2.3. Insulator Defect Object Detection

For insulator defect detection, scholars have proposed different methods from classical image algorithm to machine learning. Liao Shenglong [30] first used the local characteristics of insulators for rough segmentation and then used the spatial distribution characteristics of insulators to detect insulators. Reference [31] proposed a recognition method combining insulator shape, color, and texture features. The features in parallel lines in different directions of the insulator image are perceived as candidate regions of the insulator and then extended from candidate regions to adjacent regions to locate the insulator using color features. Finally, the area is divided into blocks by using the average distance between insulator pieces, and the broken insulator is found by analyzing the texture characteristics between blocks.

With the rapid development of deep learning in end-to-end object detection, it is possible to apply deep learning to insulator image detection.
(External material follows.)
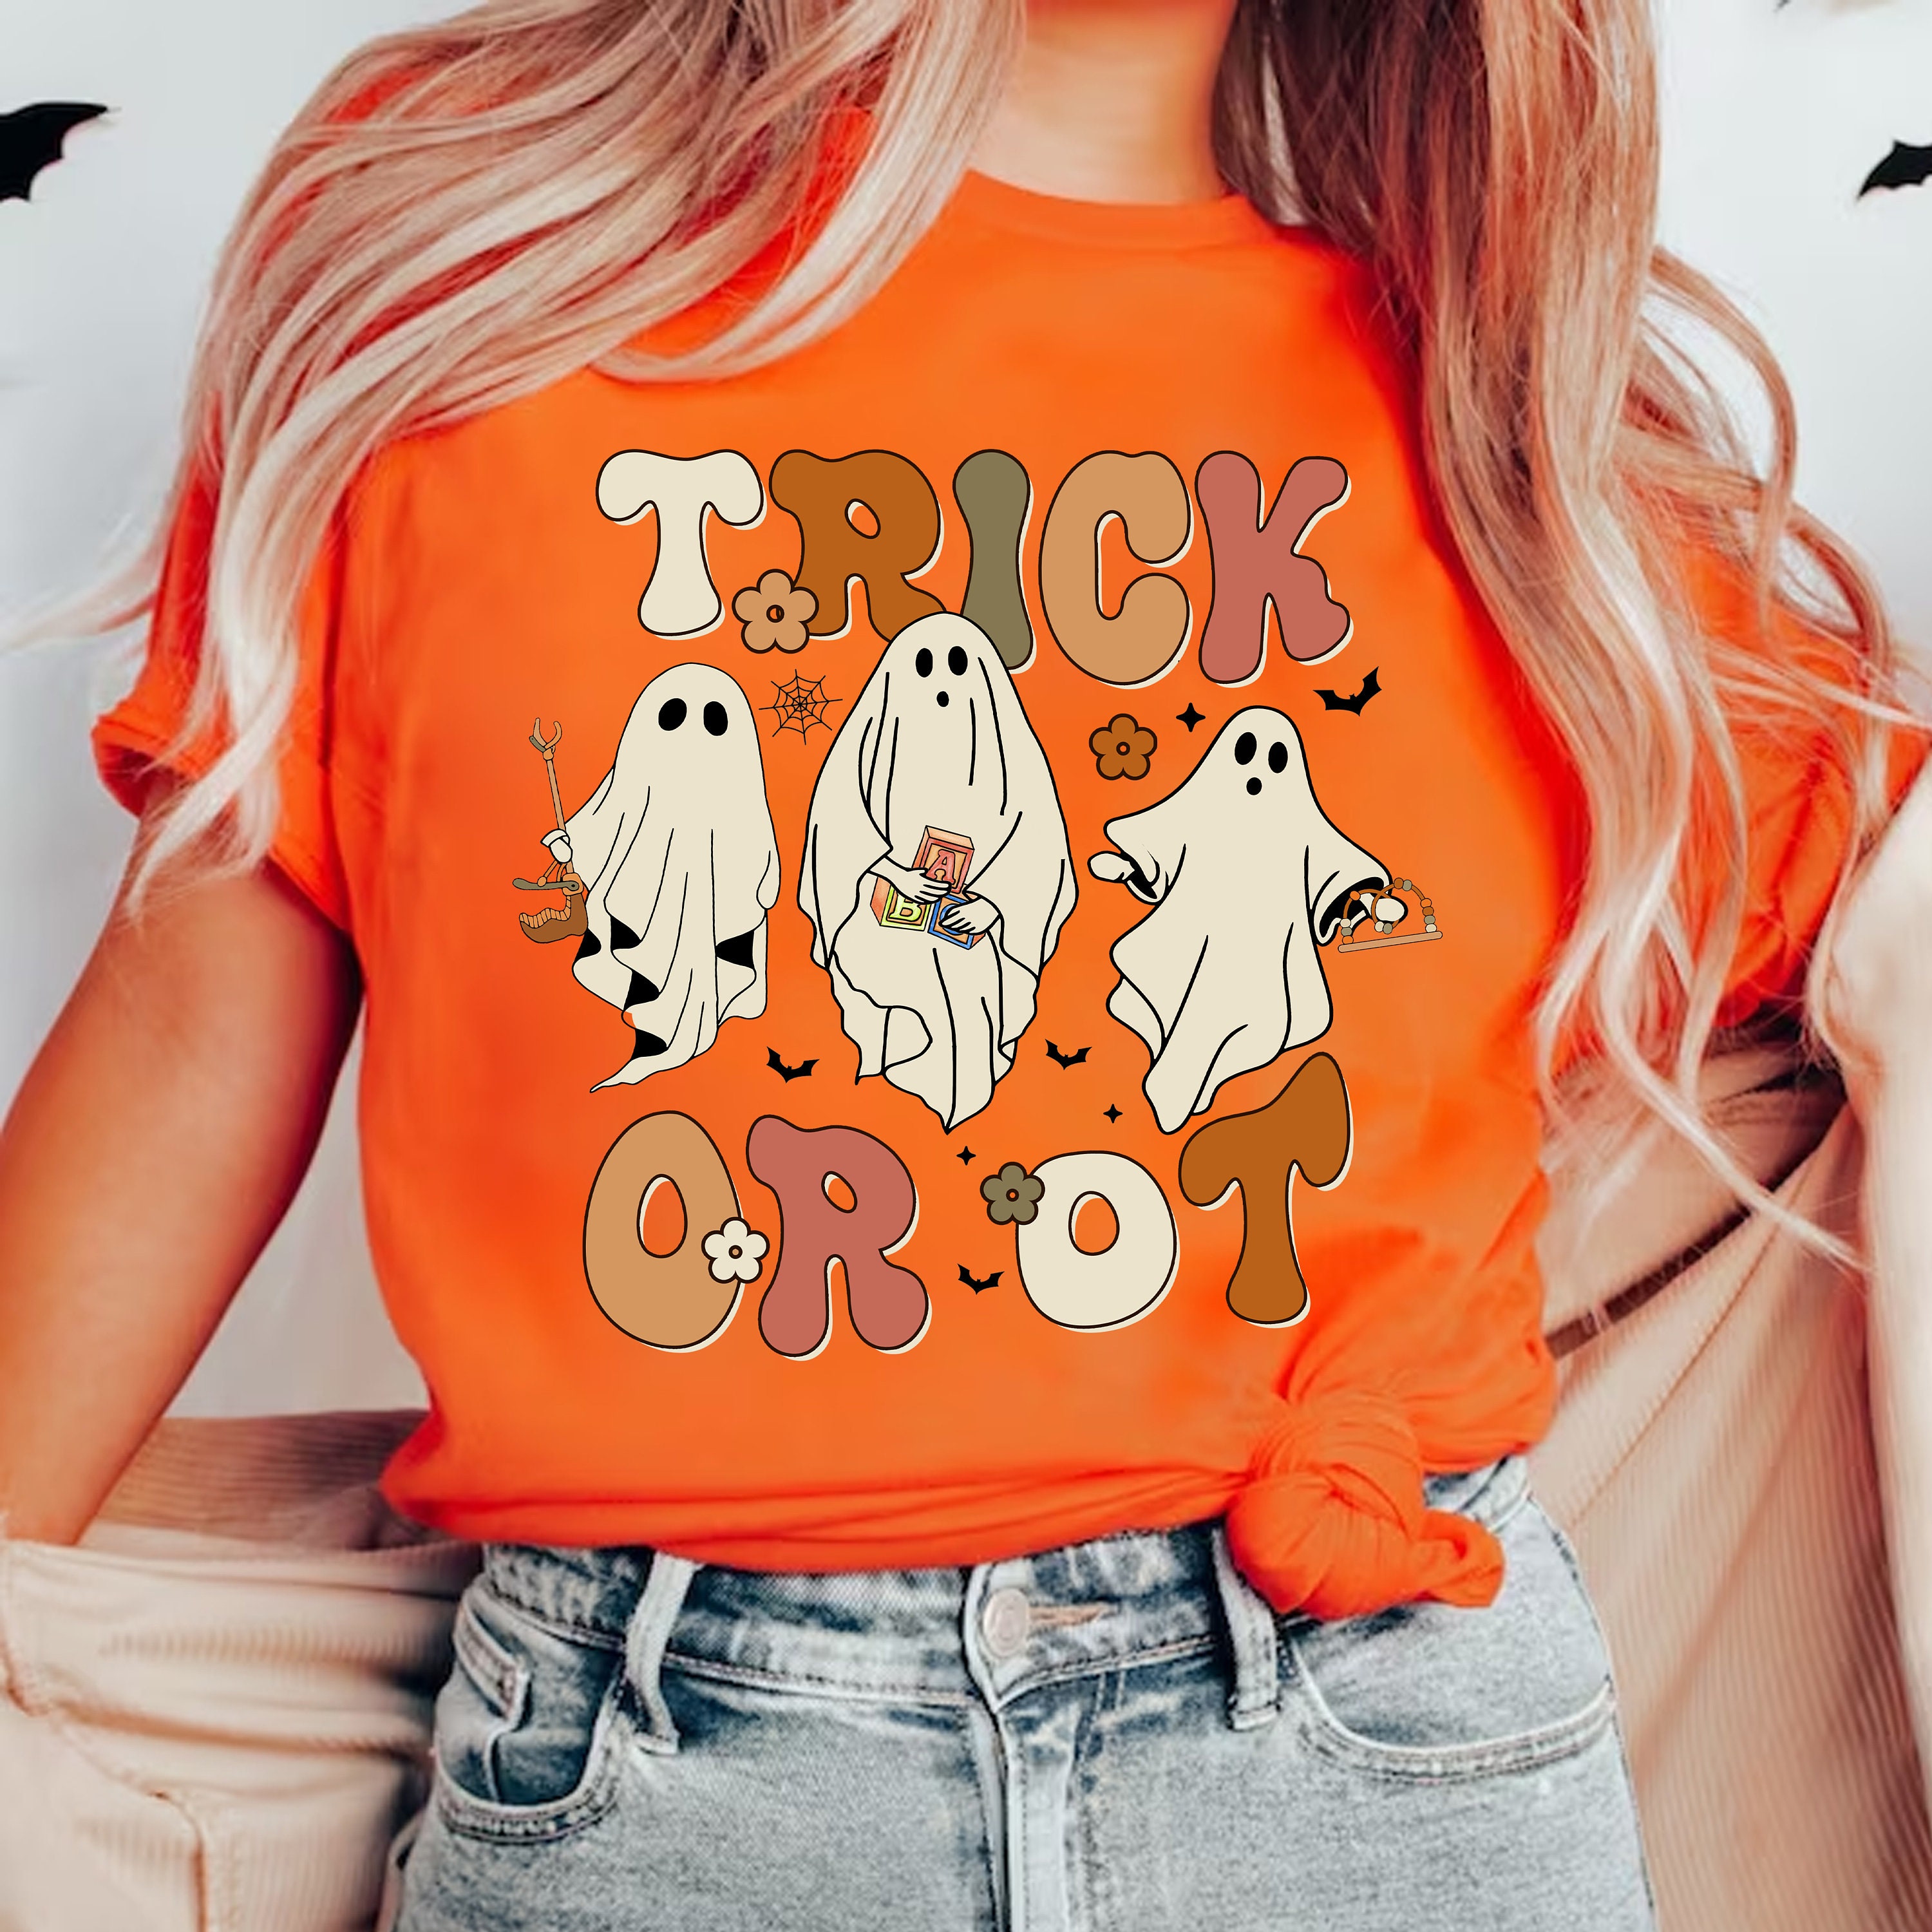 Discover Trick Or OT Shirt, Trick or Occupational Shirt, Halloween OT Shirt, Occupational Therapy Halloween, Ot Gifts, Halloween Tee, Spooky OT

Based on a convolutional neural network, Chen Qing et al. [32] first extracted the features of insulators by using the trained model and then input the features into a self-organizing feature mapping network (SOM) for significance detection. Miao et al. [33] used the SSD model to identify ceramic insulators and composite insulators from aerial images. Tao et al. [34] proposed a cascade structure of a deep convolution neural network (CNN) based on a regional suggestion network (RPN), which successfully detected insulator defects under good image quality, but still did not propose targeted solutions to small object problems and had large training data.

In short, many previous studies generally used Pascal VOC [35] data set to complete network model training and verification tests, while in a real environment, the insulator image background is more complex, with more shooting light, angles, and so on. The previously proposed method has relative limitations, such as small samples, small objects, and other technical problems that need to be further studied and solved.

3. Proposed Method

In this study, an insulator defect detection method for a small sample data set is adopted, and the problem of a small object caused by an aerial image is overcome. The proposed method adopts the super-resolution reconstruction data enhancement technology and a RetinaNet network cascading architecture for performing localization and detecting defects in insulators.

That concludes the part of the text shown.